We examined children's internalizing and externalizing behaviours through the Strengths and Difficulties Questionnaire (SDQ; Goodman, 1997). The SDQ is a validated behavioural questionnaire for caregivers of children (3–16 years old). The SDQ utilizes five subscales to assess emotional and behavioural development (i.e., emotional symptoms, peer relationship problems, conduct problems, hyperactivity–inattention, and prosocial behaviour). The sum of the conduct problems and hyperactivity-inattention scales yielded a total score for externalizing behaviours; the sum of peer relationship problems and emotional difficulties yielded a total score for internalizing behaviours. A Total Difficulties score was created by adding the composite scores for internalizing and externalizing behaviours.

Statistical analyses

All statistical analyses were performed using IBM SPSS Statistics software (Version 28, Statistical Package for the Social Sciences, IBM, Armonk, NY). A multiple imputation procedure addressed missing values in the dependent variables. We performed an analysis of missing values and Little’s MCAR test to determine whether missing data were missing completely at random (MCAR). Missing values were imputed using predictive mean matching.
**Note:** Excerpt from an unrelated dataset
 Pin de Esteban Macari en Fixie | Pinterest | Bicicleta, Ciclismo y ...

Our first aim was to examine whether screen time was associated with children’s mental health difficulties. Internalizing and externalizing behaviours were entered as dependent variables in separate generalized estimating equations models (GEE) with screen time entered as the independent variable. Time was included as a within-subjects factor to account for repeated measures. Our second aim was to determine whether parent stress and parenting styles modified the relationship between screen time and mental health outcomes. This was addressed by introducing parent stress and parental involvement into the models as covariates. All models were adjusted for family income, parent gender, child age, number of children living at home, sleep, physical activity, and special needs.

Results

Participant Characteristics

A total of 210 parents completed the questionnaire at T1. After excluding ineligible participants and those missing data, a total of 193 participants were retained for the study and 108 participants completed measures at the one year follow up (n = 113) prior to data cleaning). Participants who completed measures at both time points (51%, n = 108) were included in the final analysis. The median age was 38.00 (IQR = 8) years for parents and 8.00 (IQR = 3) years for children. Participant demographics are presented in Table 1.
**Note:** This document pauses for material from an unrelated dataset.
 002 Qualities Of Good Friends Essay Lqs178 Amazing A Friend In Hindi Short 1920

Screen time and child mental health 

The average time children spent on screens was 252.20 minutes (4.40 hours; SE = 18.45) at baseline and 233.99 at follow up (3.89 hours; SE = 16.70). No significant differences in daily screen time were evident between the two time points (t(103) = 1.01, 95% C.I. [-17.63 – 54.05], p= .316). No significant differences were found for internalizing (t(104) = .652, 95% C.I. [-.408 – .808], p = .516), or externalizing behaviours (t(104) = .096, 95% C.I. [-.561 – .619], p = .924)  behaviours between the two time points.

Parental factors 

Parent stress levels increased significantly from baseline (M= 78.45, SE= 1.89) to the second time point ([M= 86.23, SE= 2.59], (t(104) = -4.59, 95% C.I. [-11.13 – -4.41], p <.001)). No significant differences were found in parental involvement scores between time points (t(104)= .758, 95% C.I. [-.508 –1.14], p = .450).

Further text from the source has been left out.